The cut-off values were determined by an optimization process. They were adjusted until the maximum number of reference thrombi were correctly assigned by the classification rule to their pathophysiological formation process.

Reliability of the final classification rule

All values concerning the reliability of the final classification rule determined by the evaluation of emboli from acute stroke patients are listed in Table 3. Intraobserver reliabilities for the two raters reached values of 92.9% and 68.2%, respectively. Interobserver reliability was 69.9%. Due to small sample numbers, the confidence intervals for Cohen’s kappa are large.

Table 3 Statistical results concerning the histological evaluation of the reference thrombi and the emboli of stroke patients

Discussion

The developed classification rule is based on two hypotheses. As described in the introduction section, these hypotheses are supported by many other investigations.

The successful adjustment to reference thrombi and its successful validation [8] are further arguments for our presented classification rule.

Our results contradict the traditional concept that recent red thrombi mainly originate from low flow regions, as has been postulated for cardiac emboli [33], while white thrombi, existing mostly out of platelets and a high amount of fibrin, usually arise in regions of fast-moving blood, as in arteriosclerotic emboli from large arteries [15, 16]. However, concerning the composition of cardiac emboli, our hypothesis is supported by Wysokinski et al. who concluded that all cardiac emboli consist mainly out of fibrin, platelets, and debris [23]. Furthermore, they found that embolized thrombi show twice as many platelet-rich domains compared to non-embolized atrial thrombi.

The developed classification rule is reliable. However, the reliabilities of histological evaluations are lower than the corresponding values of other diagnostic methods.

Allison et al. defined three overall root causes of diagnostic variability of histopathological investigations: pathologist-related, study methodology-related, and specimen-related [34].

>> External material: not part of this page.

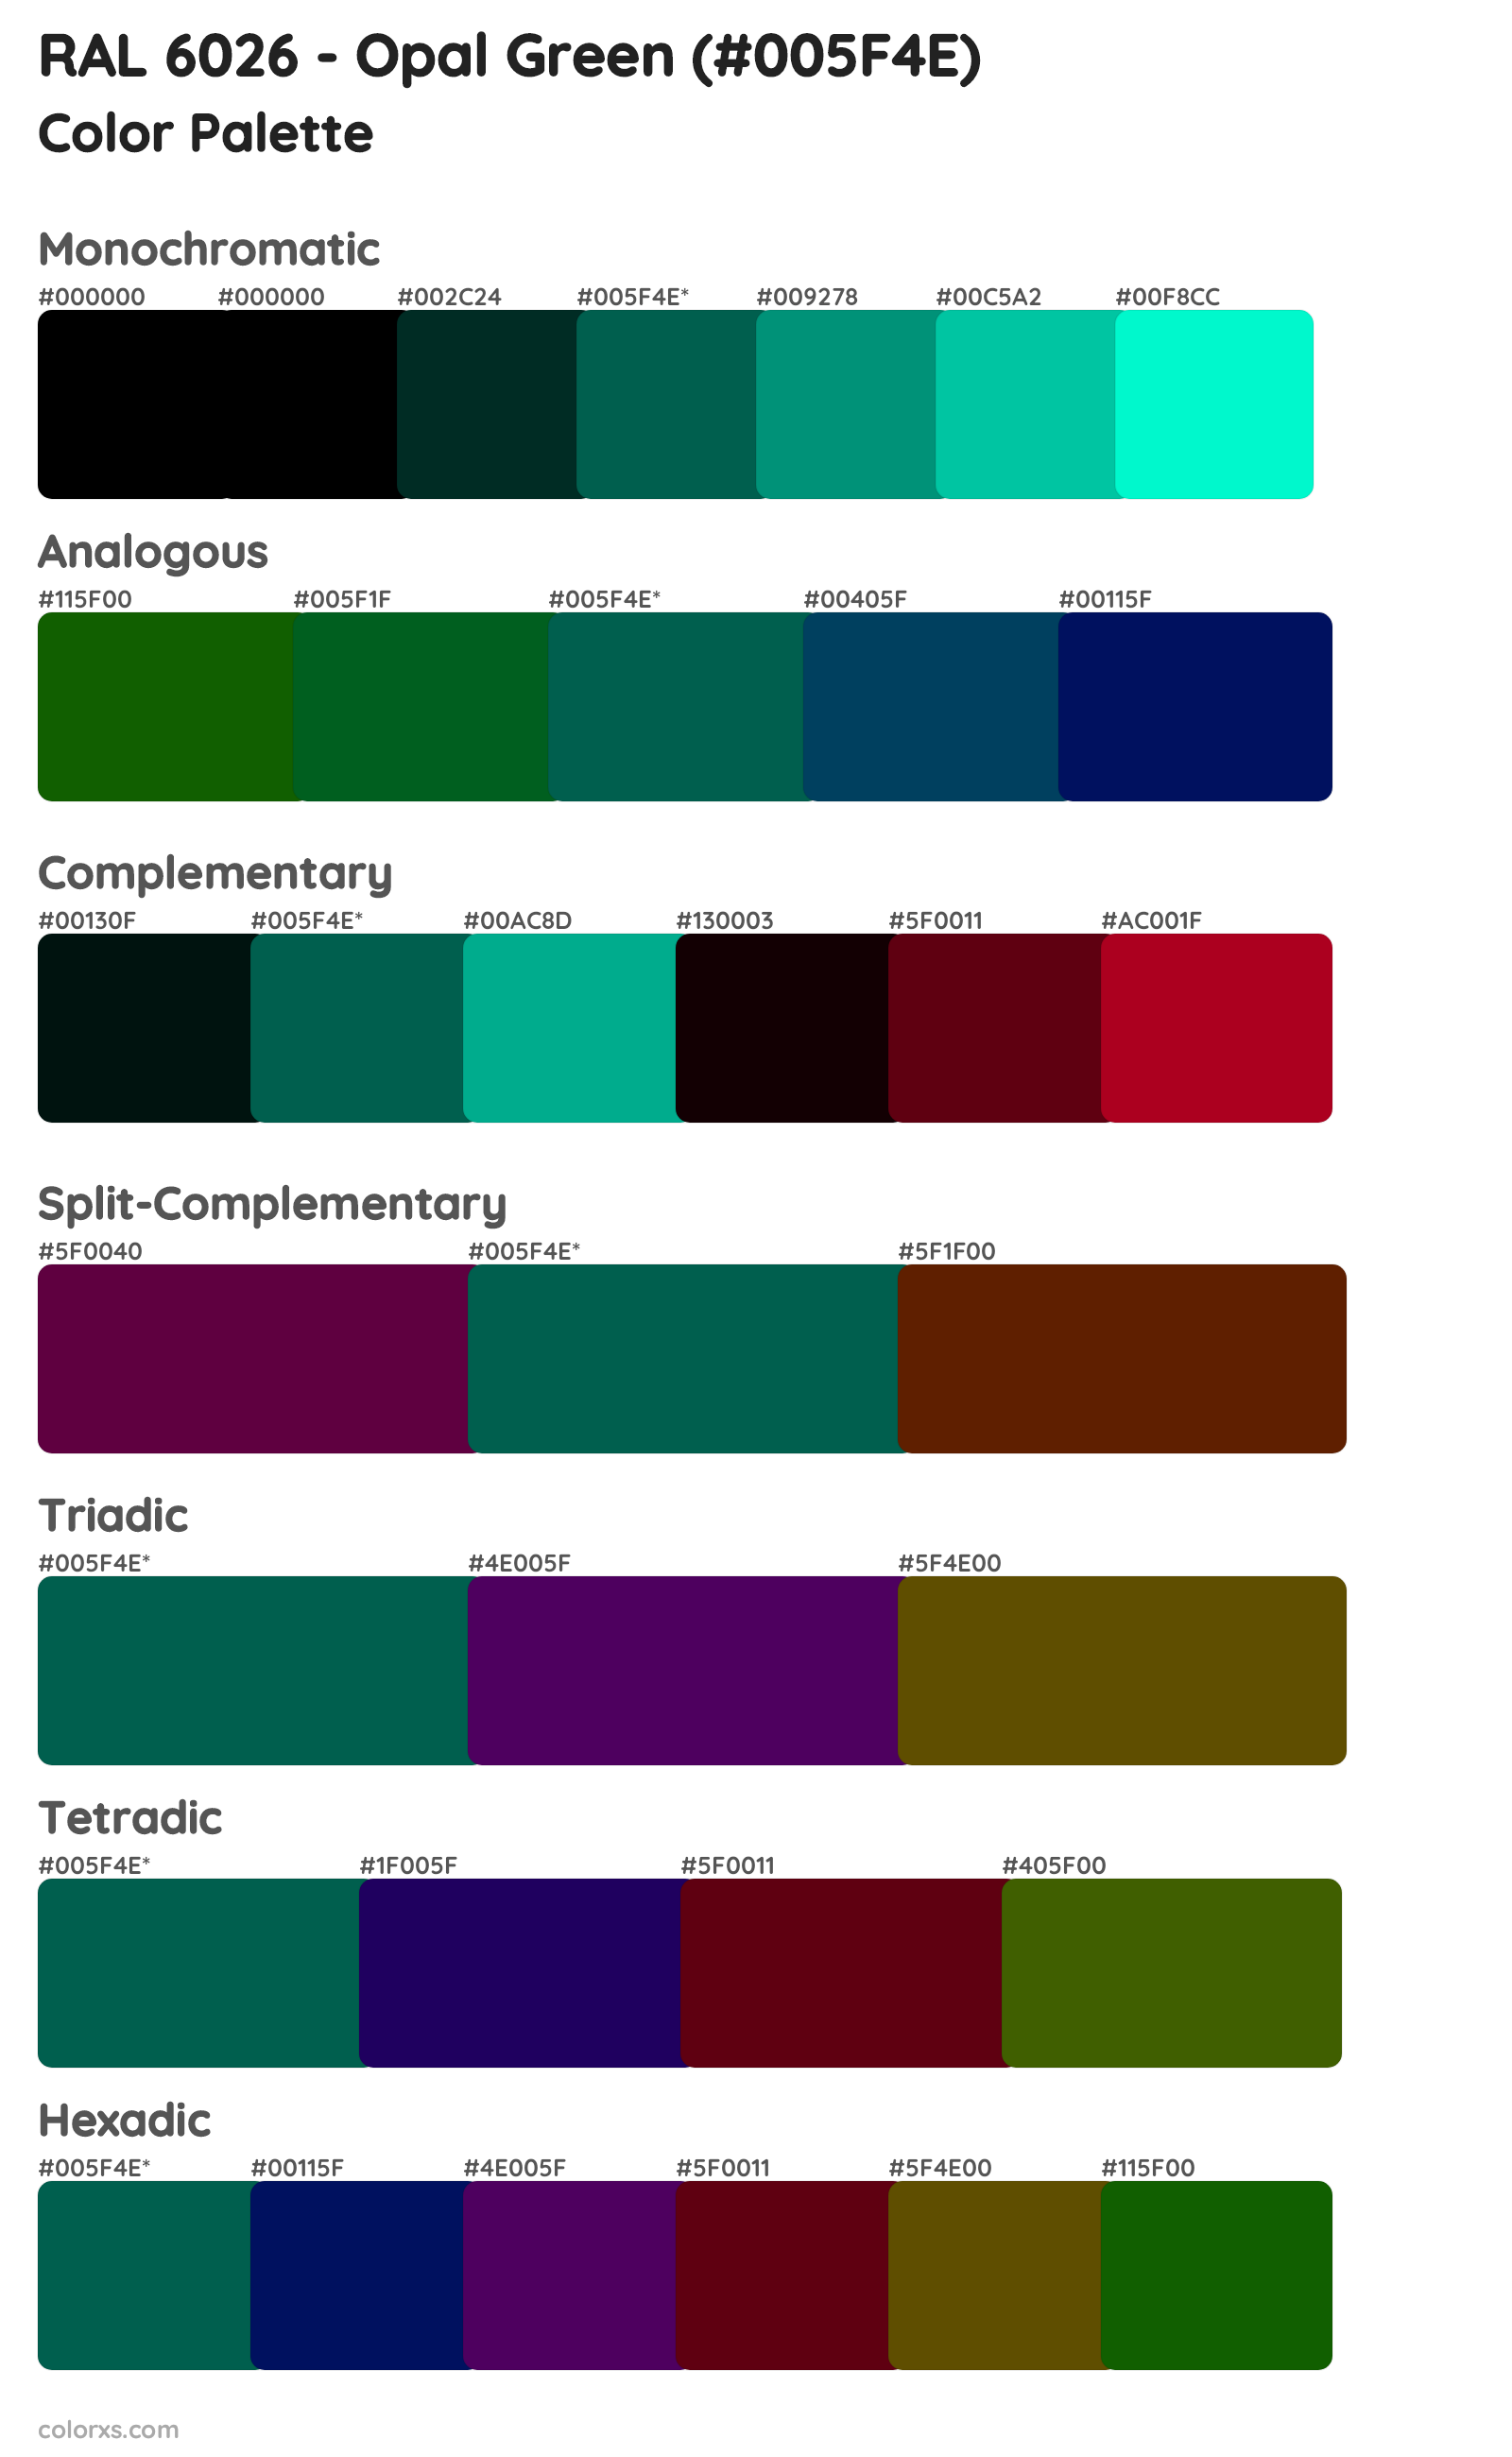 RAL 6026 - Opal Green Color Scheme Palettes

Pathologist-related causes of diagnostic variability

Emboli retrieved by thrombectomy consist of complex, heterogeneous, and anisotropic materials. To avoid considerable errors, in our investigations serial sections were stained and arranged on a single microscope slide. Thus, the clot was screened over a wide range before a representative section was selected for further evaluation. However, a complete evaluation of an embolus is unfeasible and different raters might choose different sections for their final evaluation. Therefore, much of the interobserver variation stems from an interpretation based on operator experience and opinion. Already at the beginning of our study rater I had outstanding professional experience whereas rater II received training at that time. Accordingly, compared with rater I the intraobserver reliability is lower for rater II undergoing a learning process. On completion of the learning process agreement between both raters was nearly 70% in using the final classification rule for emboli of stroke patients (Table 3).

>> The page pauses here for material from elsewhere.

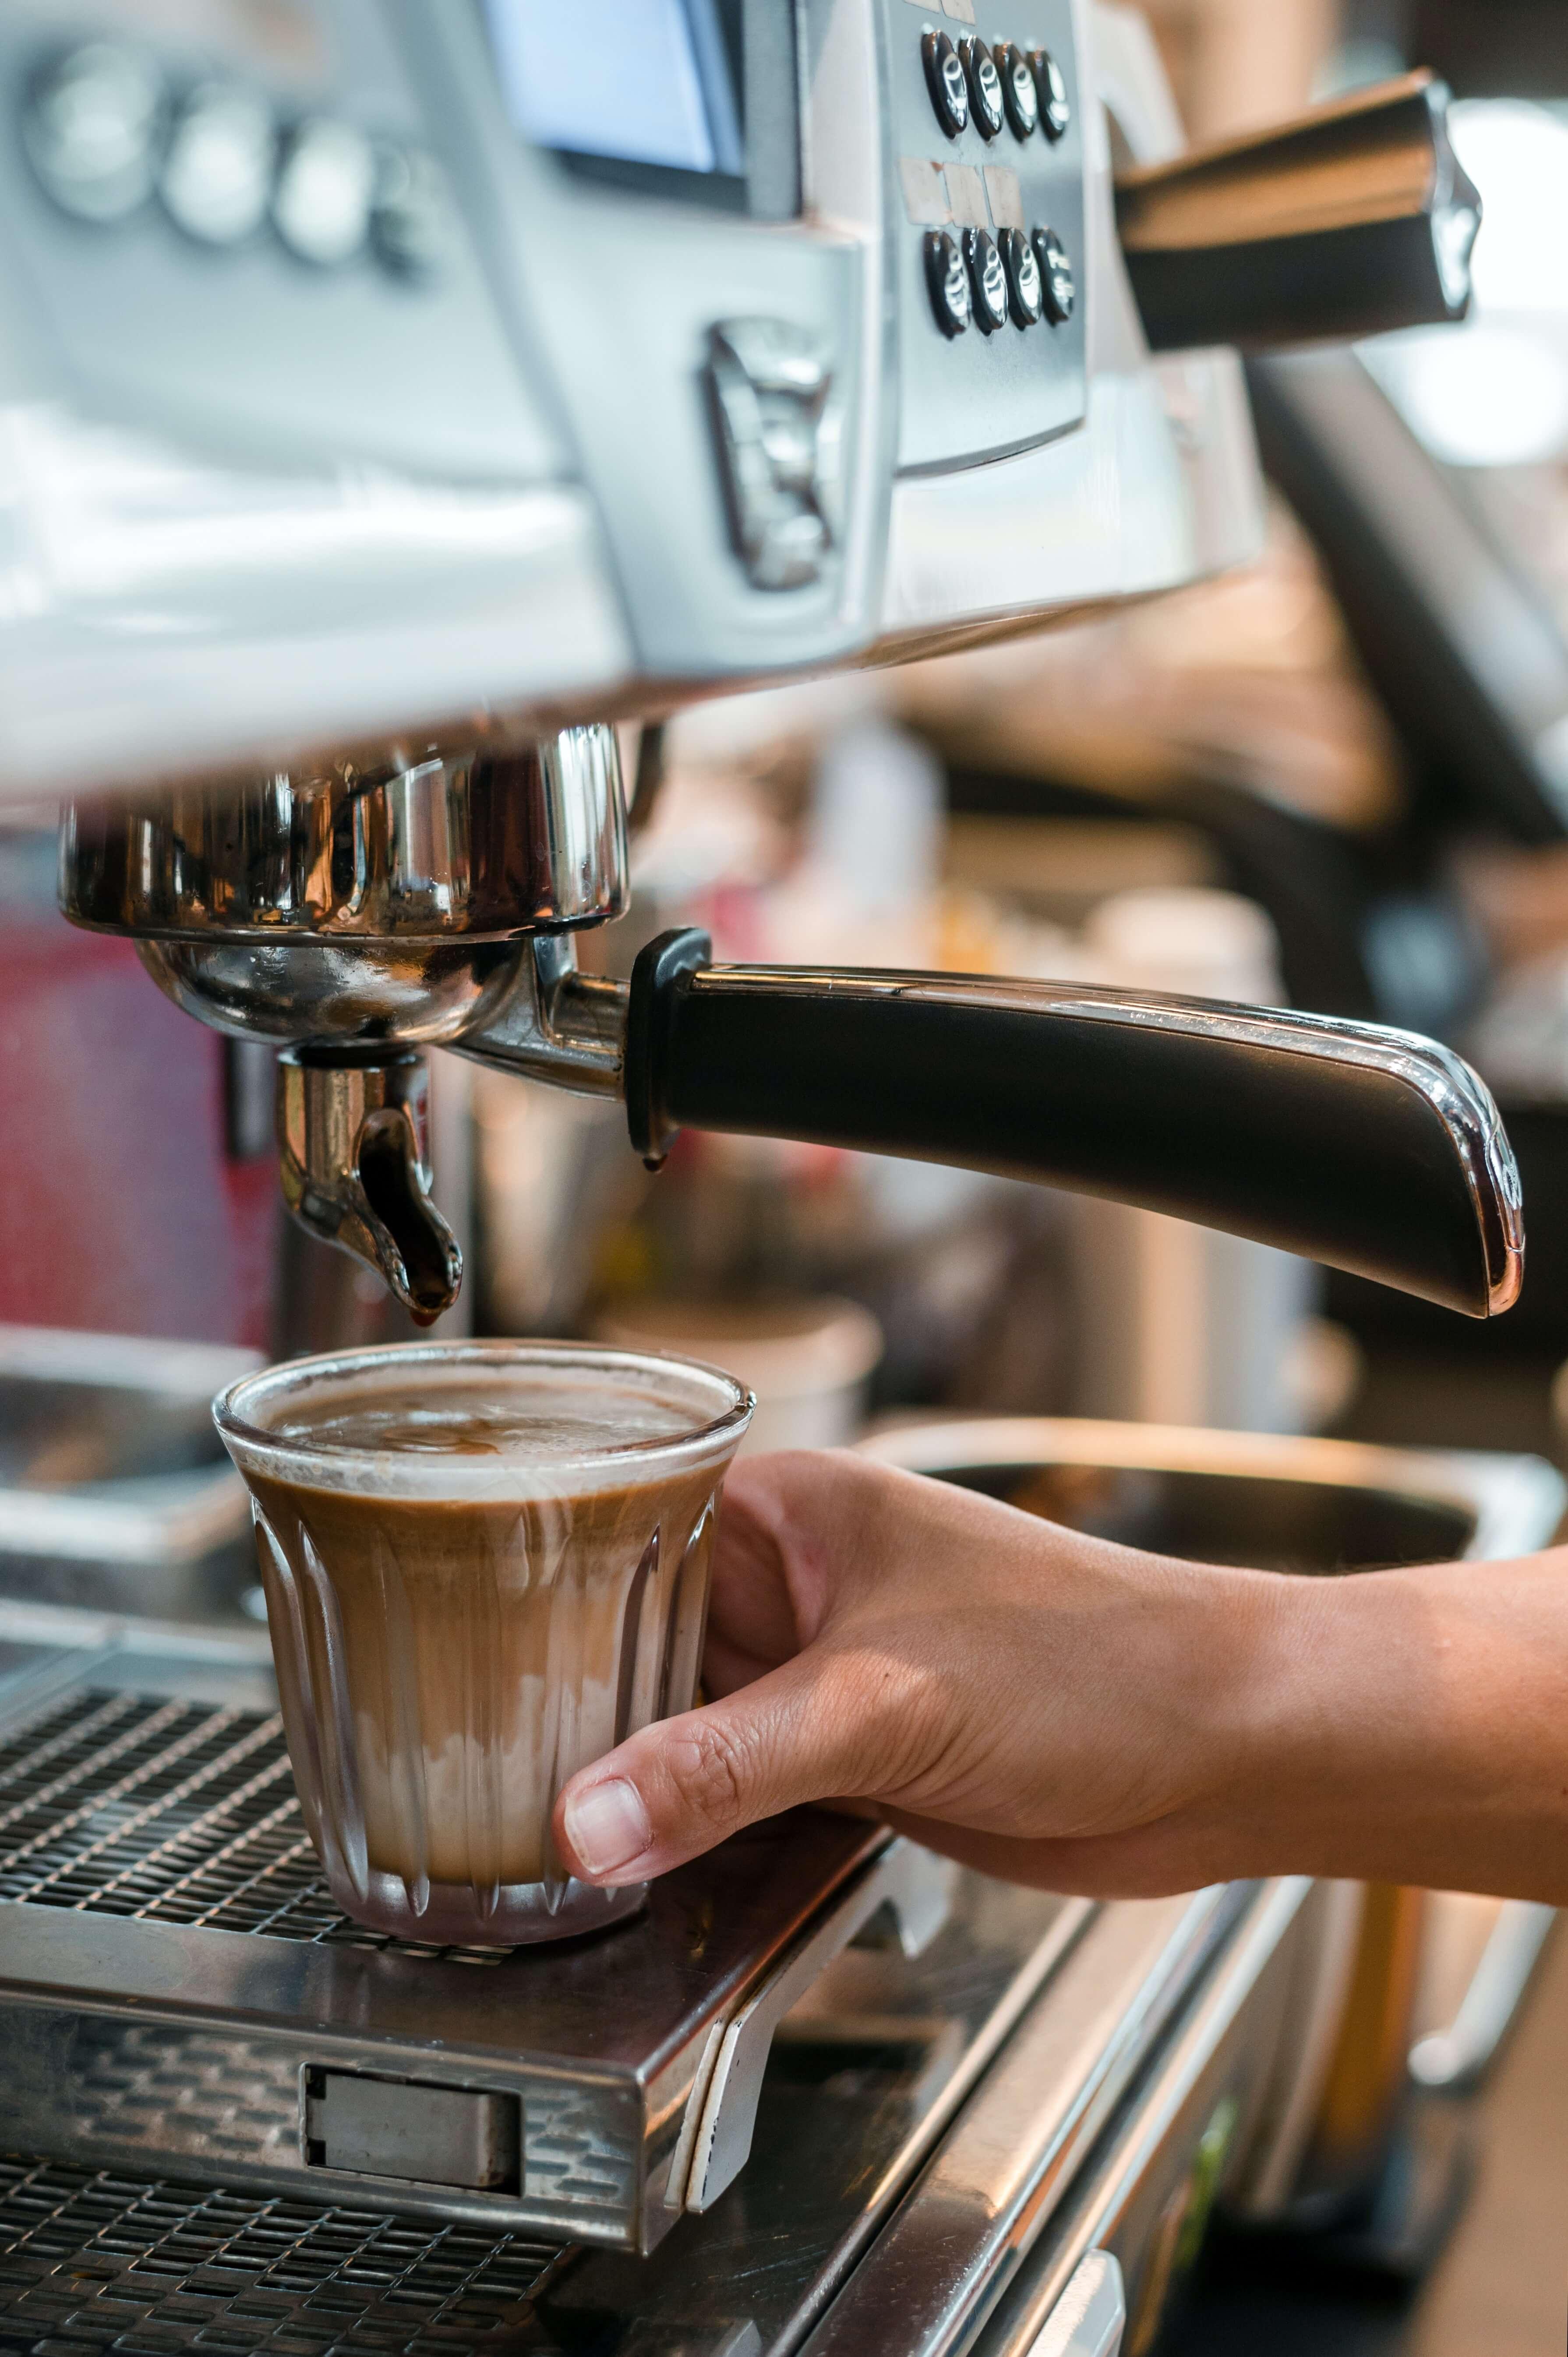 A person operating an espresso machine to brew coffee.

Study methodology-related causes of diagnostic variability

Sufficient reliability can only be achieved by precise definitions, unambiguous terminology, and simple classification rules. The Bland–Altman plots (Additional file 1: Figs. S1, S2, S3) point out that for all characteristic features of continuously scaled criteria rating in the medium range is most difficult. This means that professional opinion can become critical in ambiguous cases. Both, slight excess and undercutting the cut-off values can lead to completely different results of our dichotomous classification. Therefore, it might be appropriate in the future to categorize a case as borderline and to provide a differential diagnosis. An alternative approach would be the optimization of the chosen histological criteria.

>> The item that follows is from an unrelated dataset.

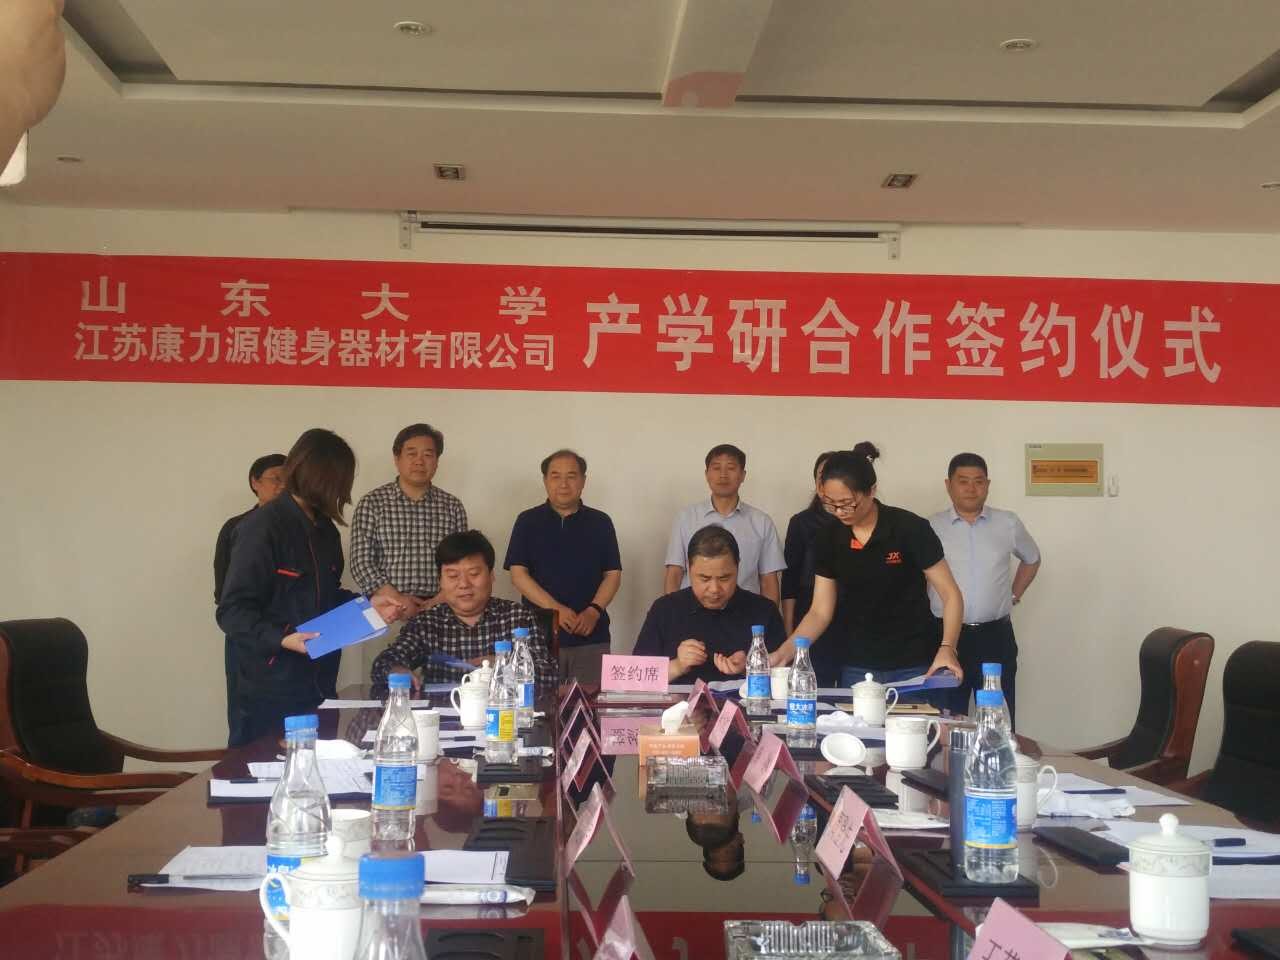 Academic and industrial win-win/ Jiangsu Junxia and Shandong University reached a strategic cooperation

For the intraobserver reliability, the length of the interval between the repeated examinations is crucial. In our study, the interval accounts for an adequate length of six months.

Specimen-related causes of diagnostic variability

Poor stain quality, limited tissue quantity, or artifacts account for the majority of specimen-related diagnostic variability. As already mentioned in the methods section, in a few cases the quality of sample material was too low for an assessment of all histological criteria by both raters. However, the vast majority of specimens were suitable even for repeated analysis in the course of six months indicating the feasibility of the developed classification.

According to the literature known to us, reproducibility values are rarely determined for histological classifications and there are no generally accepted thresholds. Even common and useful histological classifications and grading systems are limited concerning their reliability reaching kappa values in the range of 0.41–0.6 (signifying moderate agreement) [35,36,37,38,39,40,41]. Considering this, the results obtained by our classification rule are very acceptable.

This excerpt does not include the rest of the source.